Lured by generous tax credits and modern TV studios, the Comcast Corp.-owned NBC Sports is bailing on 30 Rockefeller Plaza in midtown Manhattan - the most prestigious address in the TV business - after rehabbing and reconfiguring a Clairol hair-products factory for $100 million.

Since this is the Inquirer's take on the story, I'm a little surprised that the local angle got buried. Because of Comcast's tangled history with NBC, there were actually a goodly number of NBC Sports jobs here in Philadelphia, many of them linked to the NBC Sports Network Formerly Known As Versus Formerly Known As The Outdoor Life Network Founded A While Back By Comcast. Now most of those jobs -- 120 of them, to be exact -- are leaving Philly for the natural splendor of the Nutmeg State.

It wasn't supposed to be like this. Now if you're like me and like most Philadelphians, you are probably a Comcast customer, and if you are a Comcast customer, there almost certainly have been days that you wanted to strangle Comcast.

That said, at least for me, it's kind of a love-hate relationship -- and here's why: Philadelphia needs jobs, and when it comes to creating jobs -- at least in that old-fashioned large-scale capitalist way, Comcast was our last best hope.
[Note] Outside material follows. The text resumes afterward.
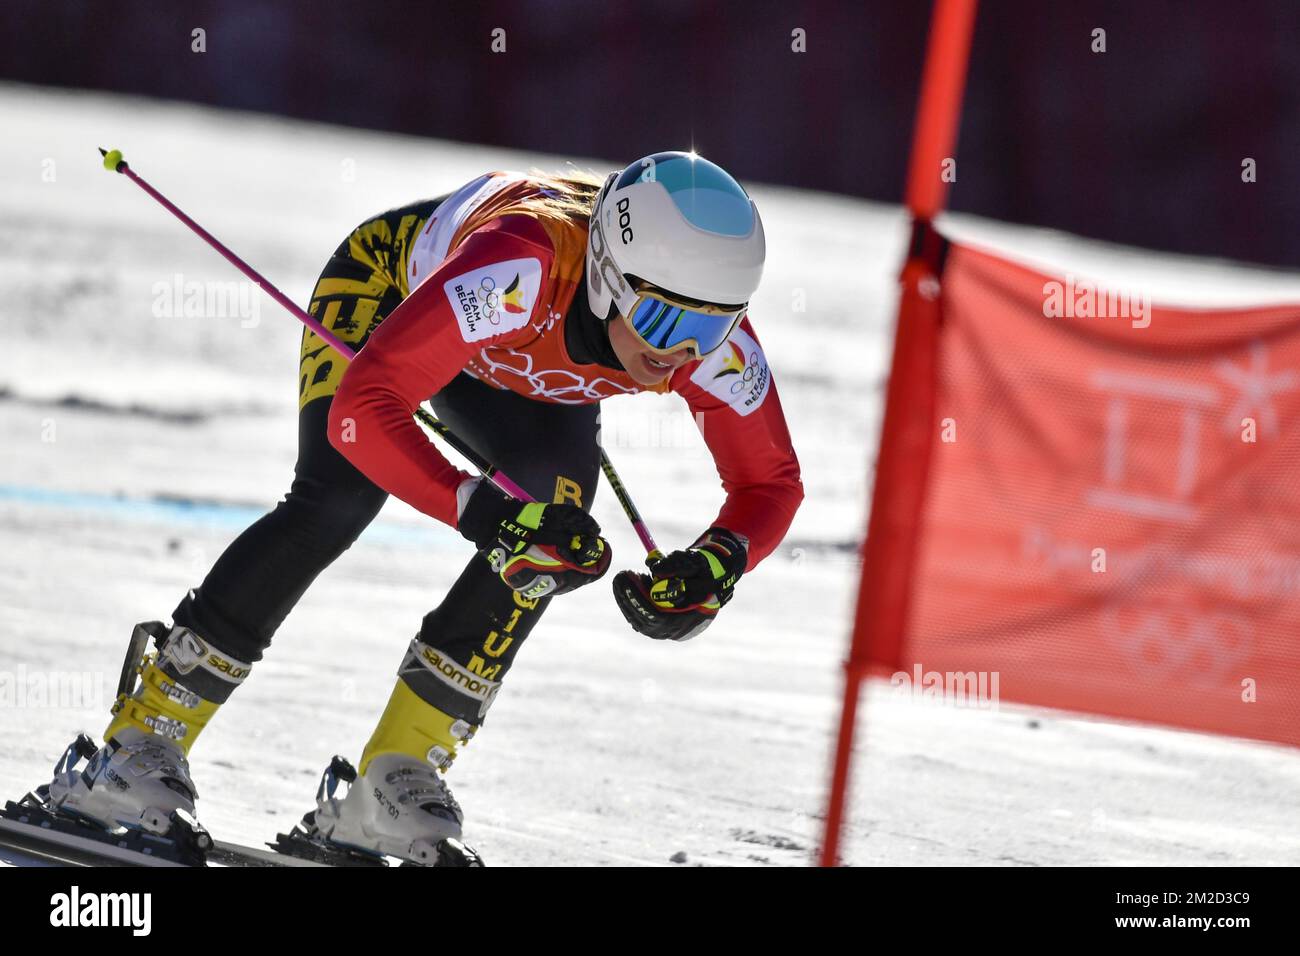 Belgian skier Kim Vanreusel pictured in action during the women's giant slalom skiing event, at the XXIII Olympic Winter Games, Thursday 15 February 2018, in Pyeongchang, South Korea. The Winter Olympics are taking place from 9 February to 25 February in Pyeongchang County, South Korea. BELGA PHOTO DIRK WAEM Stock Photo

I arrived here at the end of the 1980s, and since then I've seen most of the corporate entitles -- banks, departments stores -- either fold or merge with someone somewhere else. New York has Wall Street, L.A. has Hollywood, Detroit has cars (still, sort of) -- Philadelphia was "the Workshop of the World"...back in the time of Connie Mack and W.C. Fields.

In the day of ?uestlove and Chip Kelly, we have...Comcast. And they know it. So the cable/entertainment giant throws its massive weight around town, as it did recently in lobbying, successfully, to kill mandatory sick leave for Philadelphia workers. My friend Daniel Denvir of the City Paper recently spotlighted that and other aspects of Comcast's outsized influence in Philly, including the massive tax breaks for keeping its corporate headquarters here in the towering Comcast Center, and the unprecedented amount of love that Comcast also received here when it was seeking Washington's approval of the NBC-Universal merger. As Denvir's story notes:

Nowhere was merger support stronger than in Philadelphia, where then-Gov. Ed Rendell said it would bring “prestige” to the city and Mayor Michael Nutter gushed that “any announcement that shines a positive national spotlight on Philadelphia can only be good news for this city and for all Philadelphians.” 
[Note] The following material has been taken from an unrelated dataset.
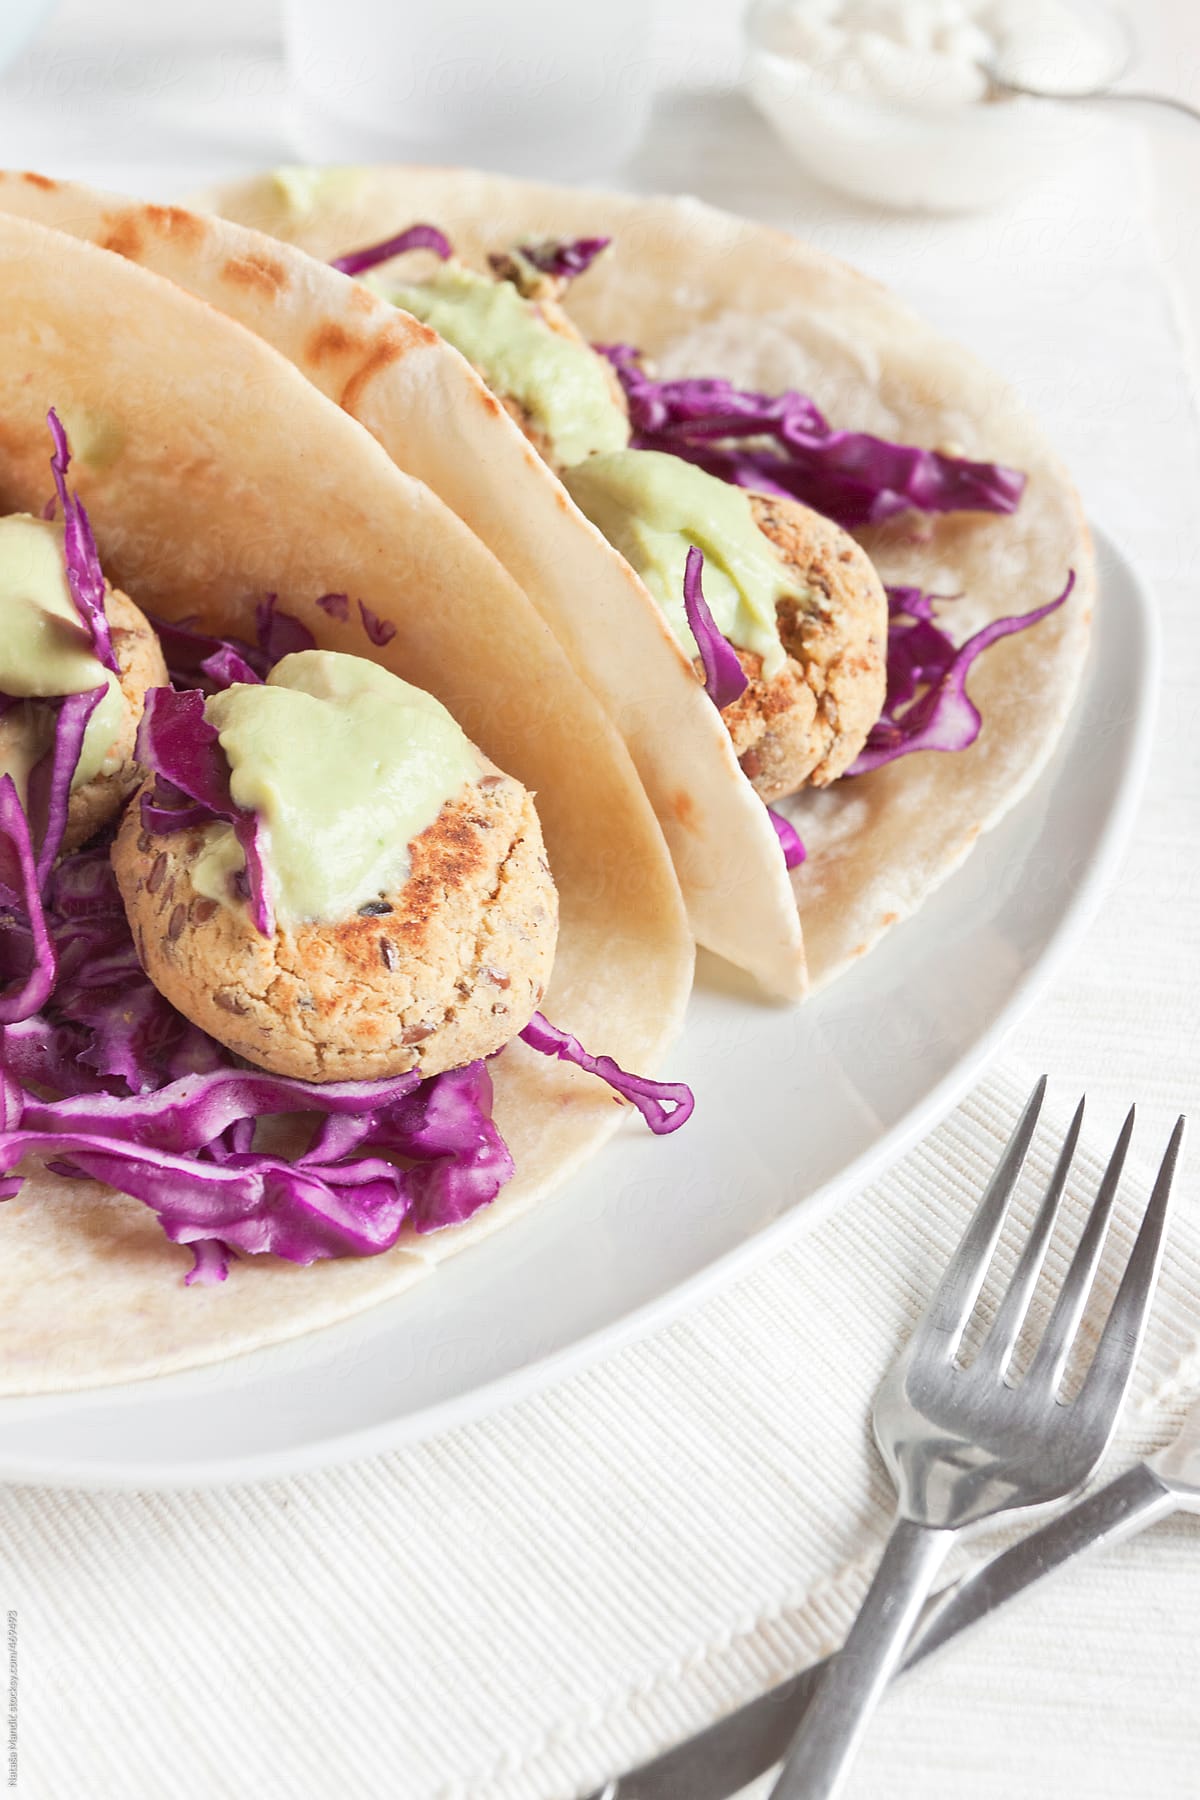 Homemade tacos with cabbage slaw, chickpea patties and sauce

U.S. Rep. Bob Brady led 15 of Pennsylvania’s 18 House members in signing a letter to the FCC, drafted by Comcast lobbyist (and former chief of staff to Sen. Arlen Specter) David Urban, promoting the deal. It would be, Brady’s chief of staff suggested to the Inquirer, “congressional malpractice to not help a major employer and taxpayer [in the state].” Rep. Allyson Schwartz signed, as did Rep. Chaka Fattah, who also joined a group of black and Hispanic lawmakers urging approval.
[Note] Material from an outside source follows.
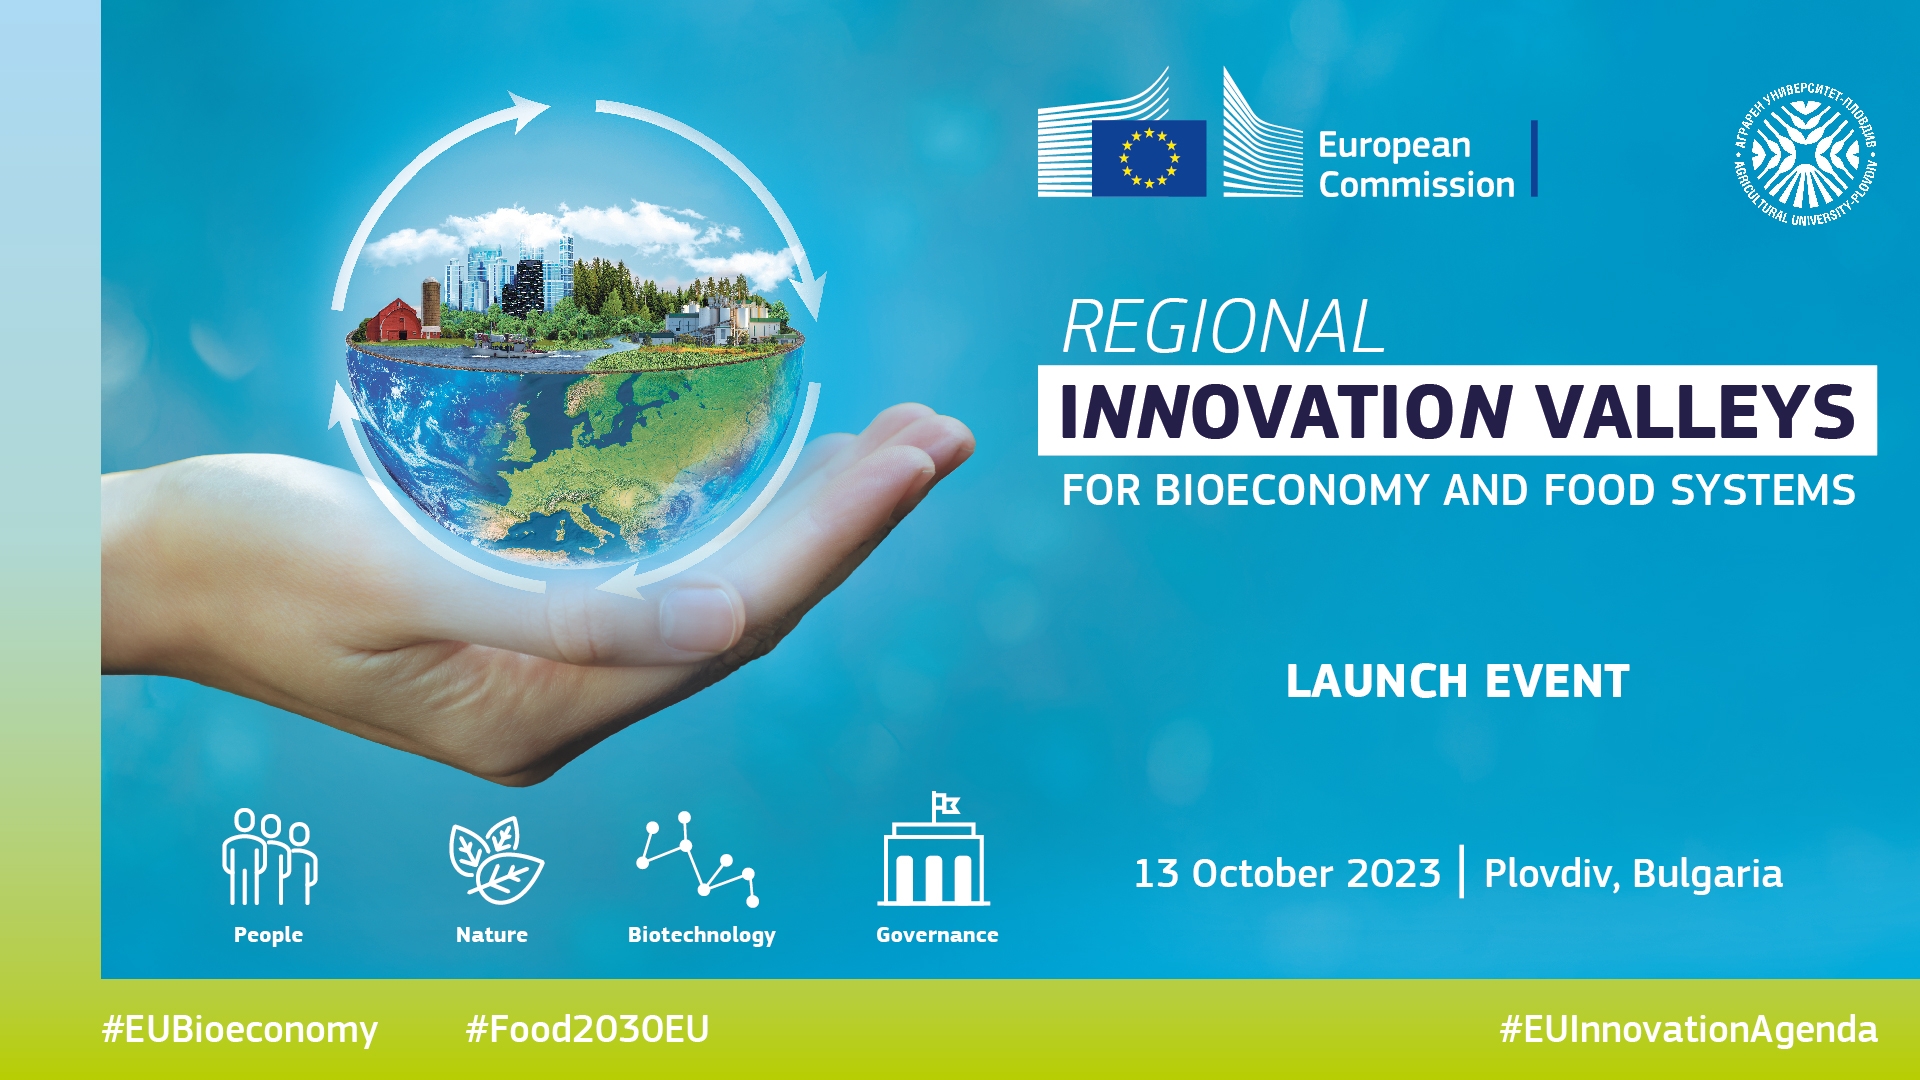 "Regional Innovation Valleys for Bioeconomy and Food Systems" launch event

What chumps! This infuriated me at the time -- in a city that's supposedly known for its "brass-knuckle politics," why was no one (figuratively) pummeling Comcast in the head, telling local honcho (and former Rendell top aide) David L. Cohen that the local delegation would not support the merger unless Comcast promised to steer some of the tens of thousands of jobs that would now be at its disposal -- in movie and TV production, not to mention sports -- to Philadelphia, where jobs are so desperately needed?

Instead, Comcast has played our politicians like fools, taking well-paying jobs that would have meshed perfectly here in Philly and taken them north to Connecticut. It's even more tragic when you think how a spacious facility like the Navy Yard -- in the shadow of arguably America's most vibrant sports complex on South Broad Street -- could have given Comcast/NBC Sports everything it wanted in terms of space, prestige, easy train access to New York, et certera. It didn't happen - I'm guessing probably because some overpaid and overly self-satisfied NBC Sports executive just bought an overpriced house in Fairfield County.

So Comcast's message to the city that -- beyond all reason and understanding -- has loved it back, was quite simply, drop dead.

Which leaves one sport that Philadelphia excels in: Charlie-Brown-and-Lucy-football-kicking.